For every integer $m$, $m \geq 1$, the hypersums of powers of integers are defined recursively
as follows: $P_k^{(m)}(n) = \sum_{j=1}^n P_k^{(m-1)}(j)$, where $P_k^{(0)}(n)$ is the sum
 of the first $n$ positive integers each raised to the integer power $k \geq 0$, $P_k^{(0)}(n) =
1^k +2^k +\cdots +n^k$ \cite{knuth,inaba}. The latter is given by a polynomial in $n$ of degree
$k+1$ with zero constant term. Hence, inductively $P_k^{(m)}(n)$ is given by a polynomial in $n$
of degree $k+m+1$ with zero constant term:
\begin{equation}\label{poly}
P_k^{(m)}(n) = \sum_{r=1}^{k+m+1} c_{k,m}^{r} n^r .
\end{equation}

An explicit formula for the coefficients $c_{k,m}^{r}$ involving the Stirling numbers of the
first and second kinds has been given by the author \cite{cereceda}. In this paper (Section
\ref{sec:2}), by an iterative procedure, we obtain a new representation of the $m$-th
order hypersum $P_{k}^{(m)}(n)$ in terms of ordinary (zeroth order) power sums. Specifically,
we will show that $P_{k}^{(m)}(n)$ can be expressed as a linear combination
of $P_{k}^{(0)}(n),P_{k+1}^{(0)}(n),\ldots, P_{k+m}^{(0)}(n)$, as follows:
\begin{equation}\label{lcb}
P_{k}^{(m)}(n) = \sum_{i=0}^{m} \frac{(-1)^i q_{m,i}(n)}{m!}
P_{k+i}^{(0)}(n),
\end{equation}
where $q_{m,i}(n)$ is a polynomial in $n$ of degree $m-i$. (Note that formula \eqref{lcb} holds
for $m=0$ if we set $q_{0,0}(n) =1$.) In Section \ref{sec:3}, we determine the explicit form of the
coefficients of $q_{m,i}(n)$. Then, using \eqref{lcb}, we obtain the coefficients $c_{k,m}^{r}$ in
terms of the Bernoulli numbers $B_{k}$ and the (unsigned) Stirling numbers of the first kind
$\genfrac{[}{]}{0pt}{}{n}{k}$ (see \seqnum{A008275} in \cite{sloane}).

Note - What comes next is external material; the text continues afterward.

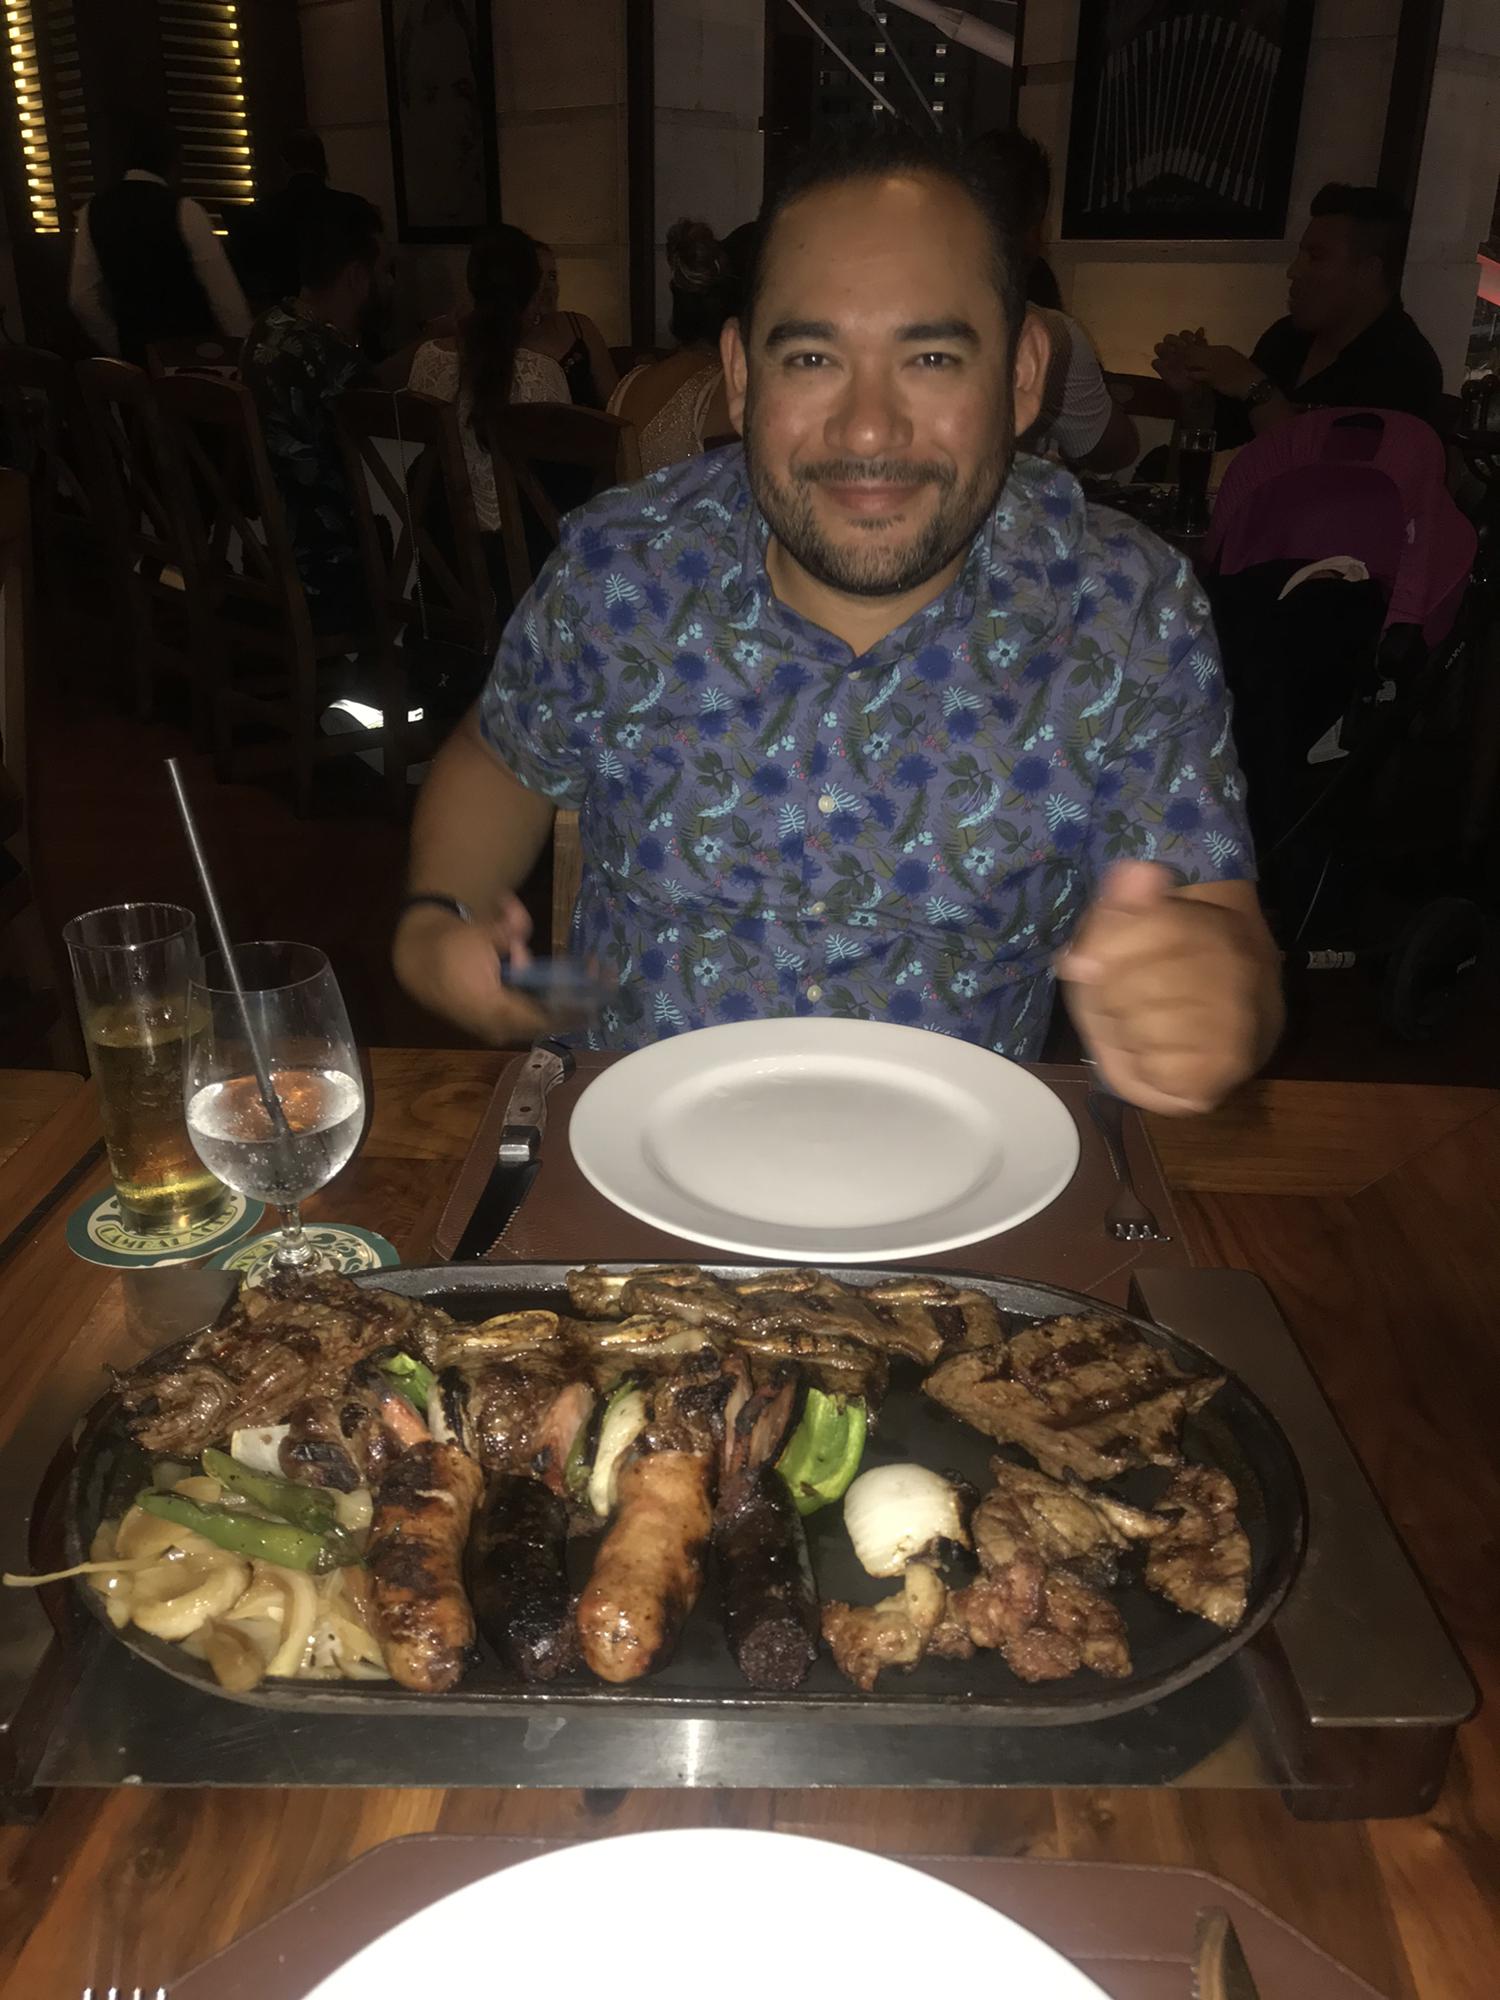 Man vs Food, Cancun Edition

In particular, we proved that
\begin{equation}\label{inaba}
c_{k,m}^{1} = \frac{1}{m!} \sum_{i=0}^{m} (-1)^i
\begin{bmatrix} m+1 \\ i+1 \end{bmatrix} B_{k+i},
\end{equation}
in accordance with the result obtained by Inaba \cite[Proposition 1]{inaba}. (Please note that,
throughout this paper, we use the convention that $B_1 = \frac{1}{2}$.)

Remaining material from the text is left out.